Nov 09


Are we prisoners of our own projects? We haven’t done anything wrong, we work hard to deliver great software. We try hard to add business value on everything we do and we try to work together as optimal as possible. But there is always that deadline that in most cases was devised by someone who hasn’t got the slightest clue about the amount of time or complexity it takes to deliver.  We have to reach that deadline en often, if not always, we surpass that deadline. For as far as I know we don’t get shot, but often there are people that are not happy when we pass it. In most cases these are the people that thought up this deadline in the first place. But it can be worse, it can also be the people who got there deadline from people above them. In most cases a deadline is fictional. The 31st of December or September 1st. Or because someone needs to go on a holiday and wants it all before he or she leaves. And it can be a marketing campaign already set before realizing that there was also need for some sort of software to be delivered, trust me, I have seen it happen. The people who need to reach the deadline often have no say in the matter, which is a pity because they are the people who in the first place could have told that it was an impossible goal. Without any form of trial we become prisoners of the system.

We work with models like Scrum or Kanban and we can deliver in a continues integrations. After certain time, amounts of software can be deployed. Often this is delivered in small badges that can add to a better performing product. An iterative way of working does not know a real big deadline. But this doesn’t mean that there can’t be any certainties. There must be a goal or an end to it, a final marker if you will. With agile models we work on something that has value, something that has a meaning and often reached by taking small steps. Deadlines are often the end of a waterfall way of working. It has a beginning and an ending. But the end is most of the time, set. The road to reach it is uncertain and with obstacles. But the deadline is set in stone.

Working agile has become more popular. Large companies adopt it as the new way of working; some even go so far as to change everything. Flexwork environments are created and the new way of working is brought in association with agile, although it has nothing in common. But deadlines stay as they are. Contracts are still written up as usual an become the ammunition that can be loaded when the end is near. The implementation of scrum or kanban isn’t very hard. The rules are simple and often companies think that it is done when they do so. The wall is replaced with a nice green lawn without fences. Here and there a landmine, but they are traced and destroyed. But the line is still there and it is so important that we remove it. The guard has to be removed from the walls. And the live rounds need to be confiscated.

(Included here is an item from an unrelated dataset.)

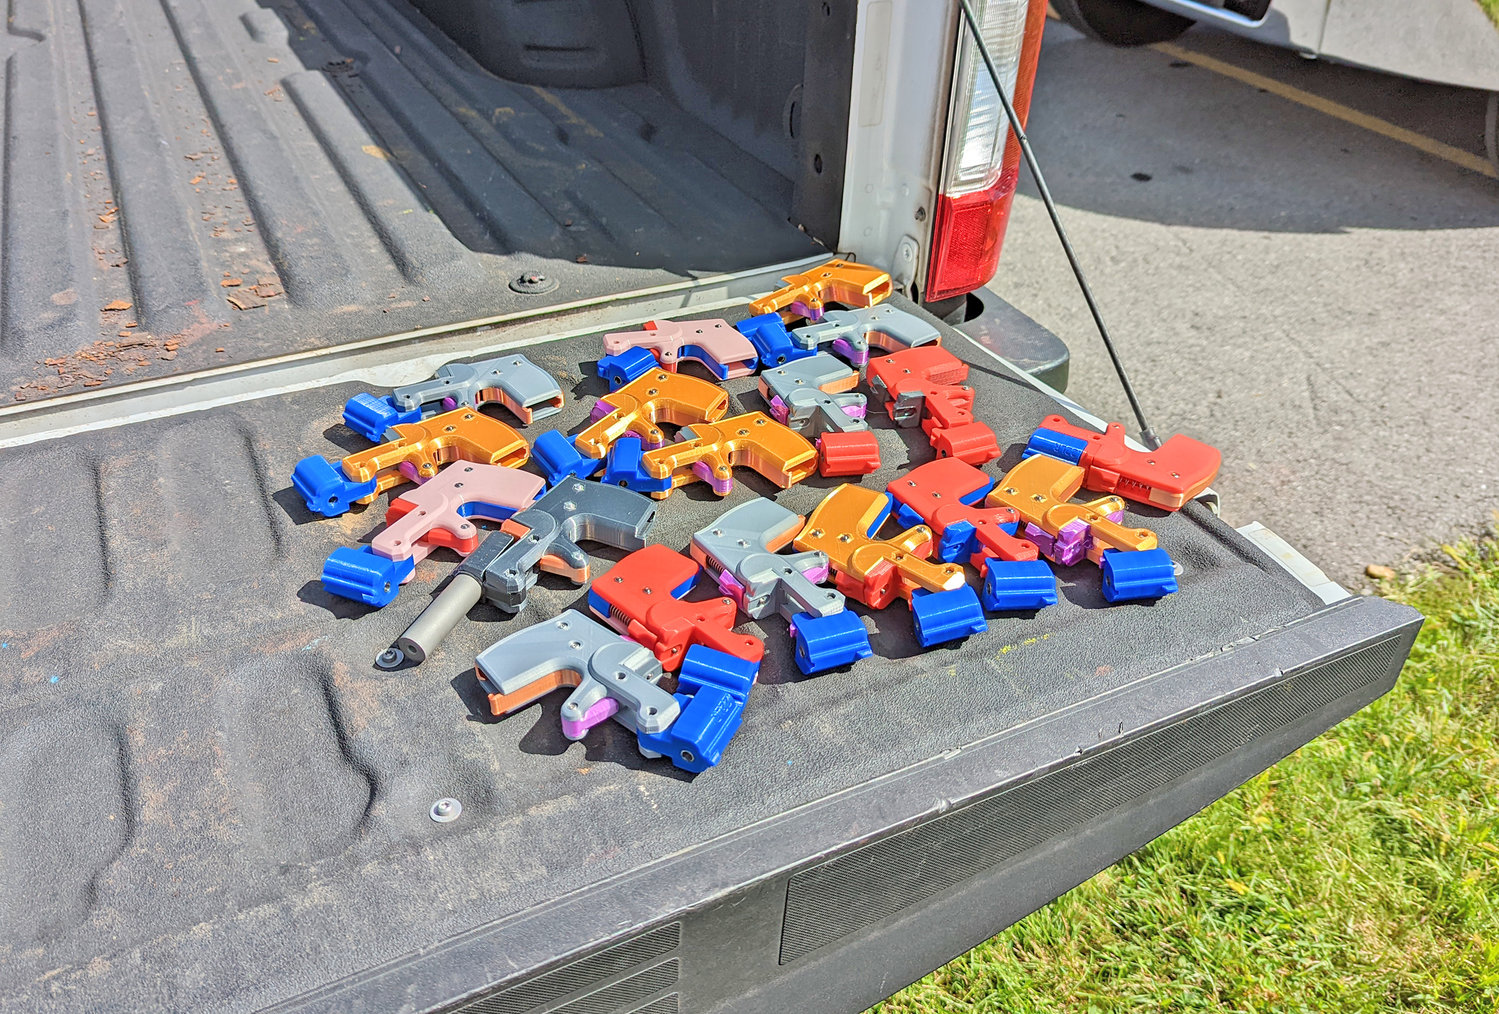 A collection of ghost gun parts collected by law enforcement at the gun buyback event in Utica on Saturday. The toy-like pieces are used to assemble homemade handguns.

It is fun to work with metaphors because it gives a clear image. A deadline is something that raises restrictions. A border threat of some kind. It is a pressure that nobody needs. The idea that a deadline is a guarantee that everything is delivered nice and beautiful is a ferry tail. It is one of the fake certainties. It is the guaranteed incremental death-march song. Delivering value is important and as long as this is not the highest priority the prison will remain. And the line is still there threatning everyone with a loaded gun who dares to pass it

The term deadline originated from prison camps during war, and referred to a physical line or boundary. Guards would shoot any prisoner who crossed the deadline.